Machiavelli's main point in The Prince is that the most important task for a ruler is to keep his country secure and peaceful, using whatever means possible. Sometimes, this means doing things that most people would consider immoral, but Machiavelli said that that's just part of the job.
He was cynical about human nature: he argued that it was natural for most people to be selfish, and so a great ruler has to accept that he lives in an immoral world. He wrote, "A man who might want to make a show of goodness in all things necessarily comes to ruin among so many who are not good. Because of this it is necessary for a prince, wanting to maintain himself, to learn how to be able to be not good and to use this and not use it according to necessity."
He also argued that most people value their property more than the lives of their friends and family, and so in some situations it's okay for rulers to kill their citizens, but it's almost never okay to take away their property. He wrote, "Men must be either pampered or crushed, because they can get revenge for small injuries, but not for grievous ones. So any injury a prince does a man should be of a kind where there is no fear of revenge."
Despite Machiavelli's hopes, The Prince didn't win over the Medicis. A few years later, a new republic was established in Italy, but his name had already become so associated with evil and violence that he wasn't able to get another government job for the rest of his life. He wrote two more books, and died in 1527.
It's the birthday of May Sarton, born Eleanor Marie Sarton in Wondelgem, Belgium (1912). She wrote more than fifty books in her lifetime, including novels, poetry collections, memoirs and journals. In 1929, she saw Eva Le Gallienne perform in The Cradle Song, and she fell in love with the theater. She got a scholarship to Vassar College, but instead of accepting it she went off to New York to work for Le Gallienne's Civic Repertory Theatre. She continued to write poetry while she was there, and when the theater closed in 1935 because of the Great Depression, she decided to abandon her dream of becoming an actress so she could focus on writing. Two year later, she published her first collection of poetry, Encounter in April (1937), and the following year she published her first novel, The Single Hound (1938).
It's the birthday of playwright and screenwriter William Inge, born in Independence, Kansas (1913). He wanted to be an actor from a very young age, but after he graduated from college he decided that he wasn't good enough and he became a teacher instead. He taught for over ten years; he kept a journal and occasionally wrote book and movie reviews for a newspaper, but he never considered himself a writer until he started going to plays in St. Louis in the mid-1940s. He thought he could write something better, and he decided he'd give it a shot. His first play was Farther Off From Heaven, produced in Dallas in 1947.
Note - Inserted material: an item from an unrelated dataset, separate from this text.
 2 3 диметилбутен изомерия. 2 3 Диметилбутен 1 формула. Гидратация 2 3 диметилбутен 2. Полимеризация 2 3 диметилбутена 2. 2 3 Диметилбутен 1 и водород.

Three years later he had his first big hit, Come Back, Little Sheba (1950), about a cynical, alcoholic man and his wife, who fantasizes about her happy childhood and her lost beauty. Inge went on to write Picnic (1953), Although Bus Stop (1955) and The Dark at the Top of the Stairs (1957).
It's the birthday of songwriter and playwright Betty Comden, born in Brooklyn, New York (1915). She and Adolph Green had one of the longest-running collaborations in the history of Broadway. Together they wrote the lyrics for On the Town (1944), Wonderful Town (1953), Subways are for Sleeping (1961), Hallelujah, Baby (1967), and the movie Singin' in the Rain (1952).